_DATA EXTRACT_:

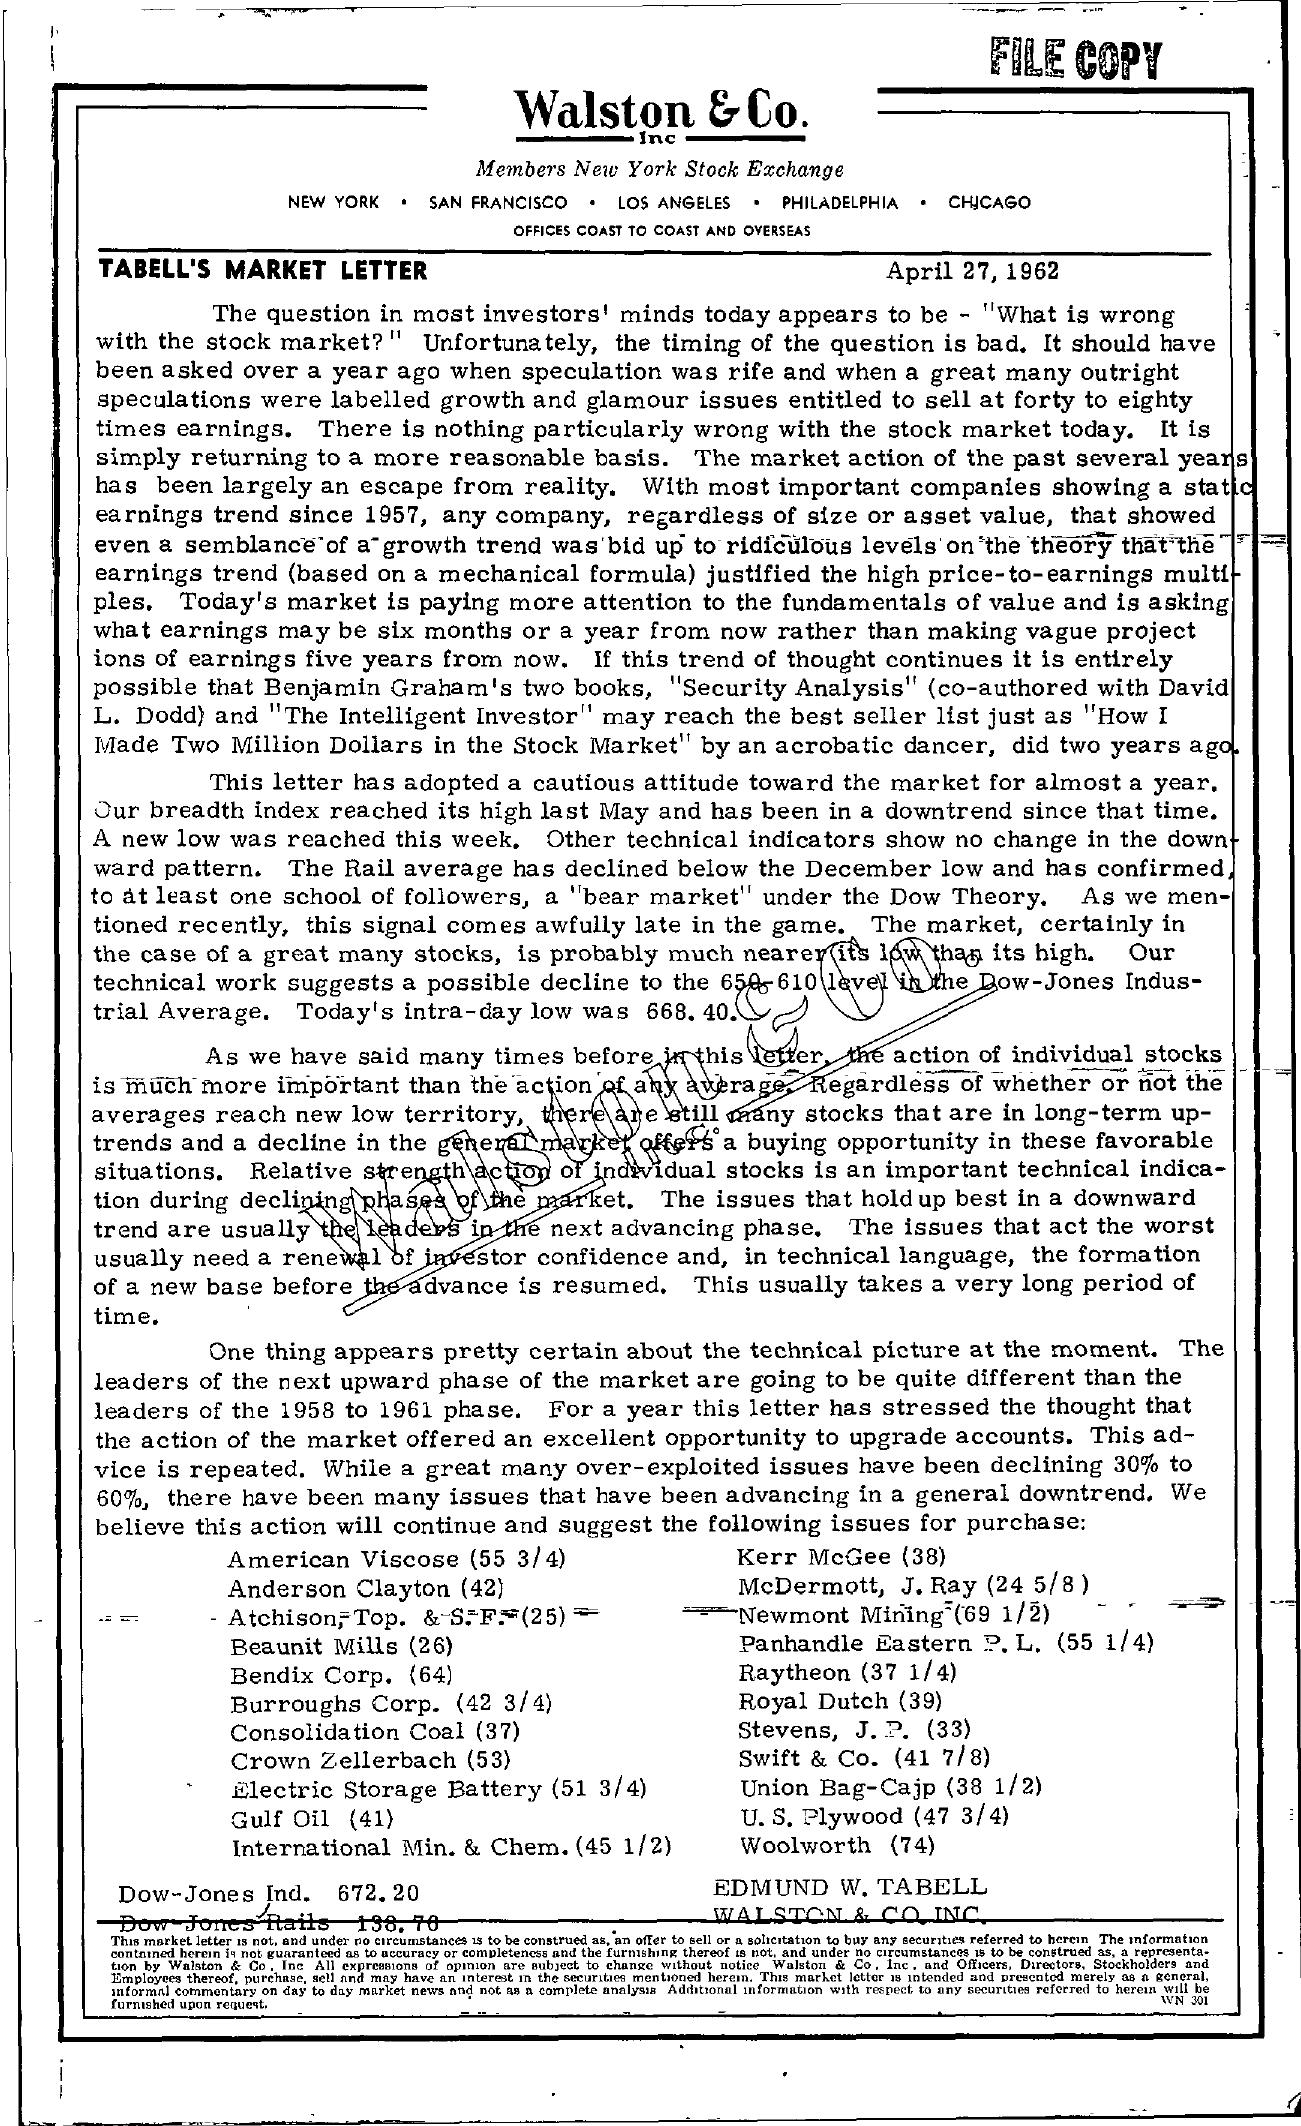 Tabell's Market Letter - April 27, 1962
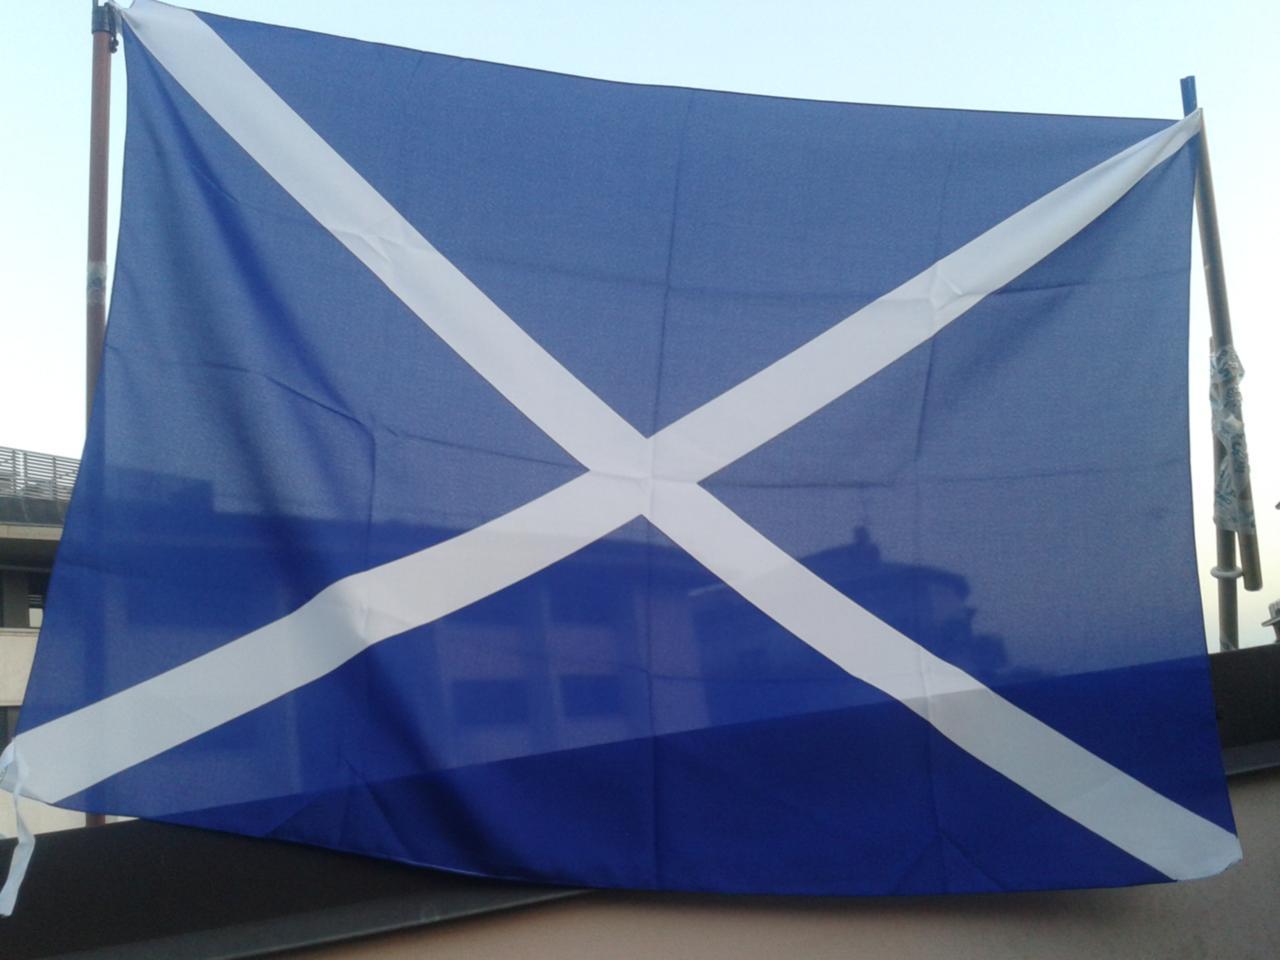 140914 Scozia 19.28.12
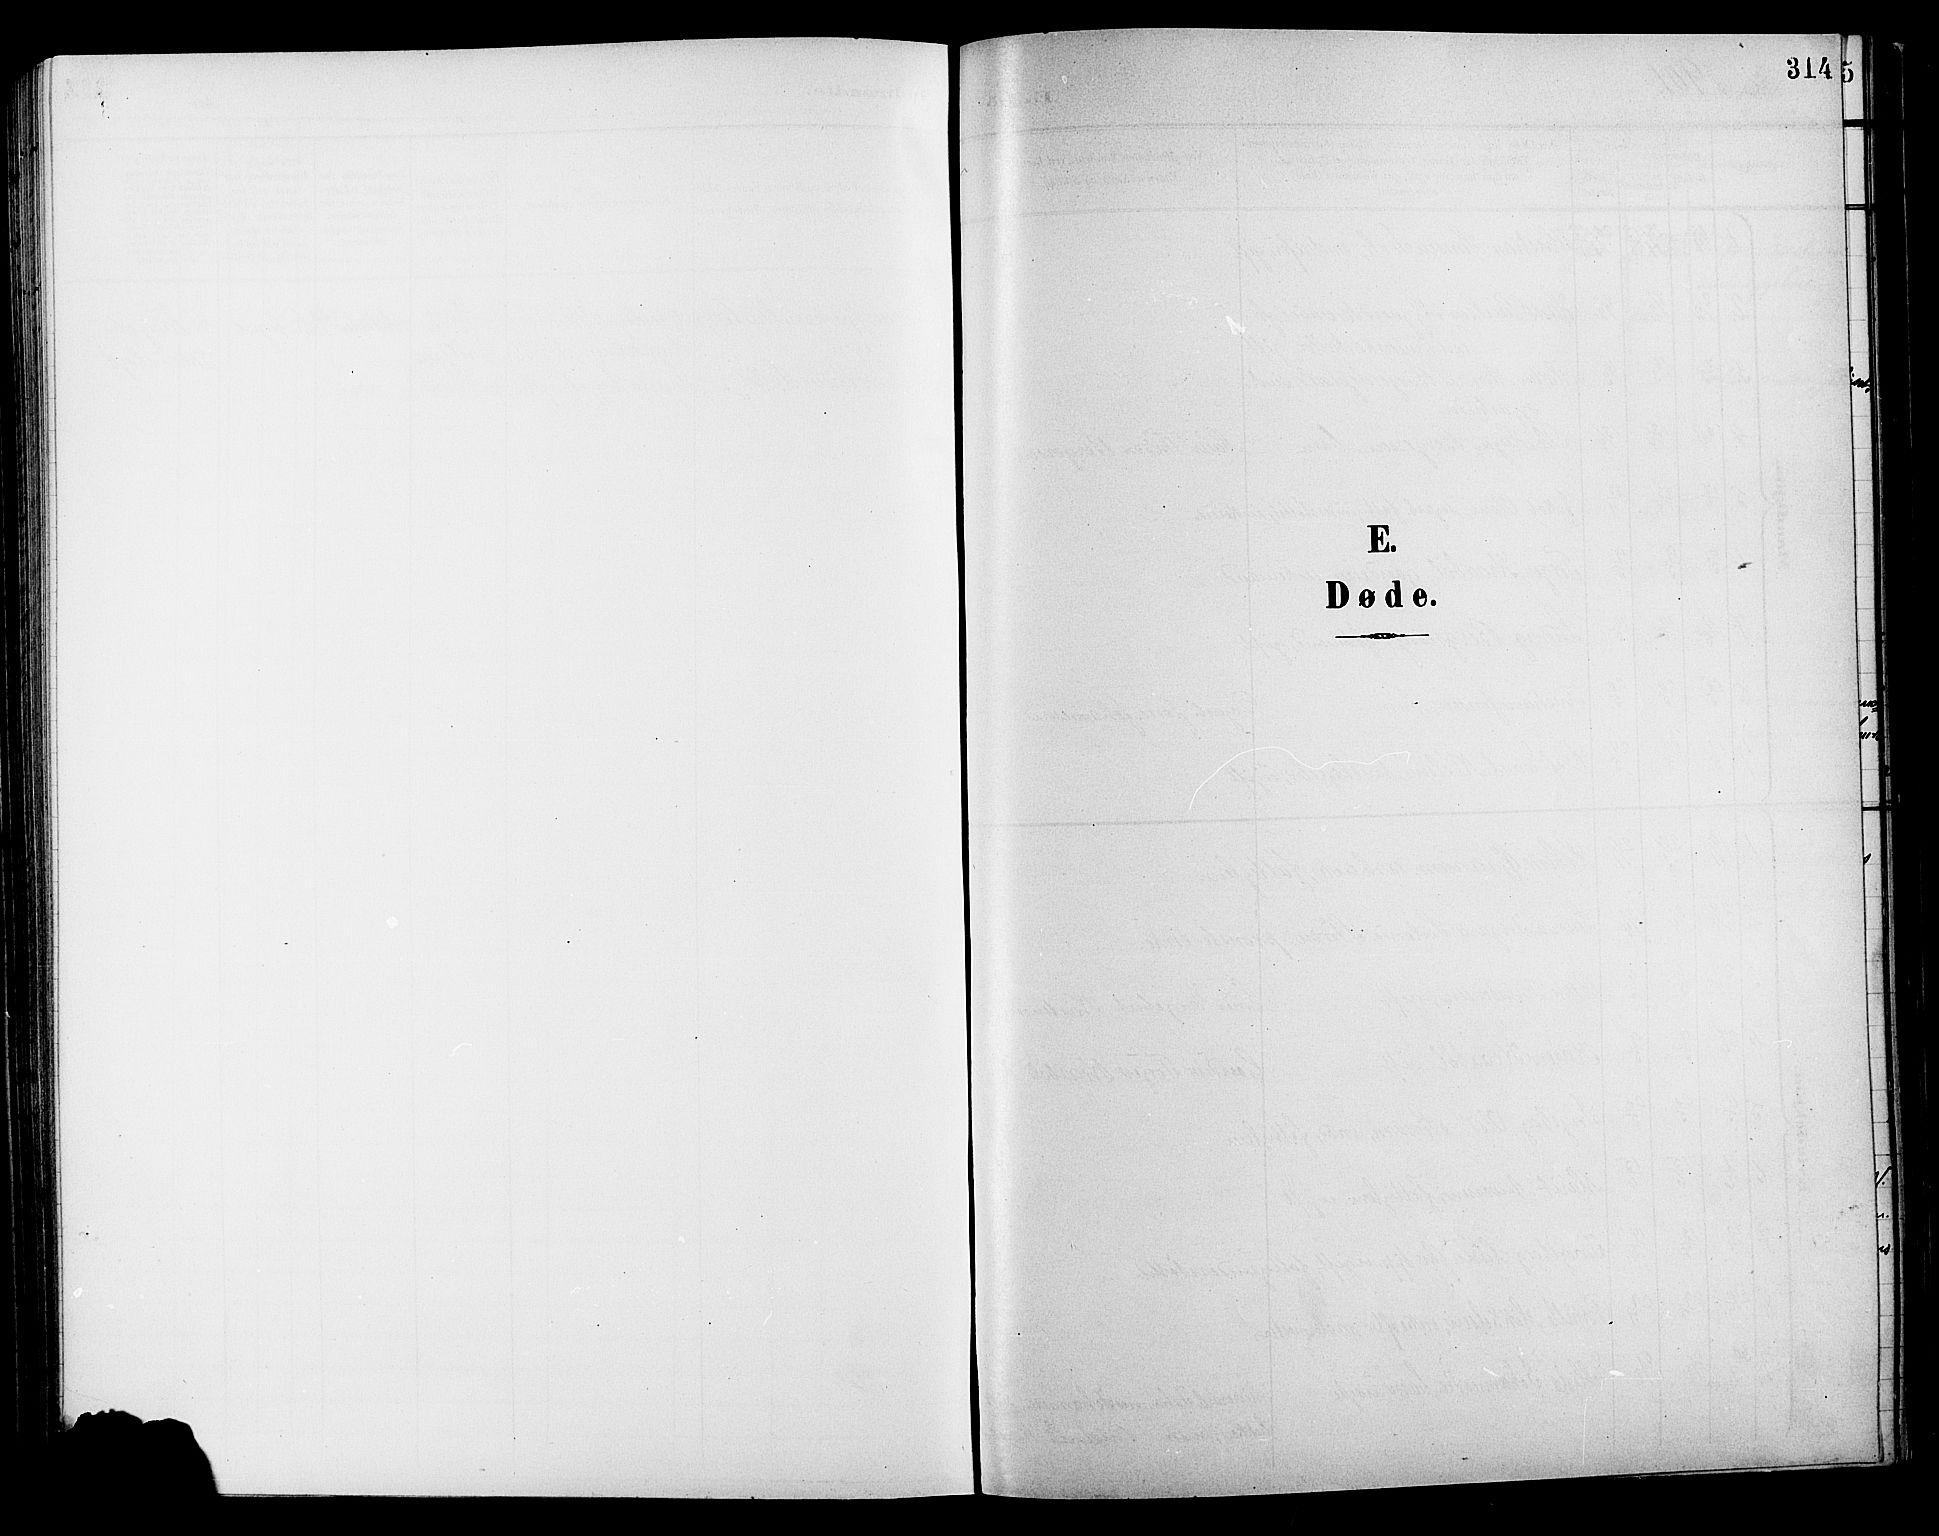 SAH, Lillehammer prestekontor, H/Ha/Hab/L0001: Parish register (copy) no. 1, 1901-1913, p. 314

_YOUR ASSIGNMENT_: The whole listing above is to be printed again exactly; pictures stay out of it.

_TASK RESPONSE_:
 Tabell's Market Letter - April 27, 1962
 140914 Scozia 19.28.12
 SAH, Lillehammer prestekontor, H/Ha/Hab/L0001: Parish register (copy) no. 1, 1901-1913, p. 314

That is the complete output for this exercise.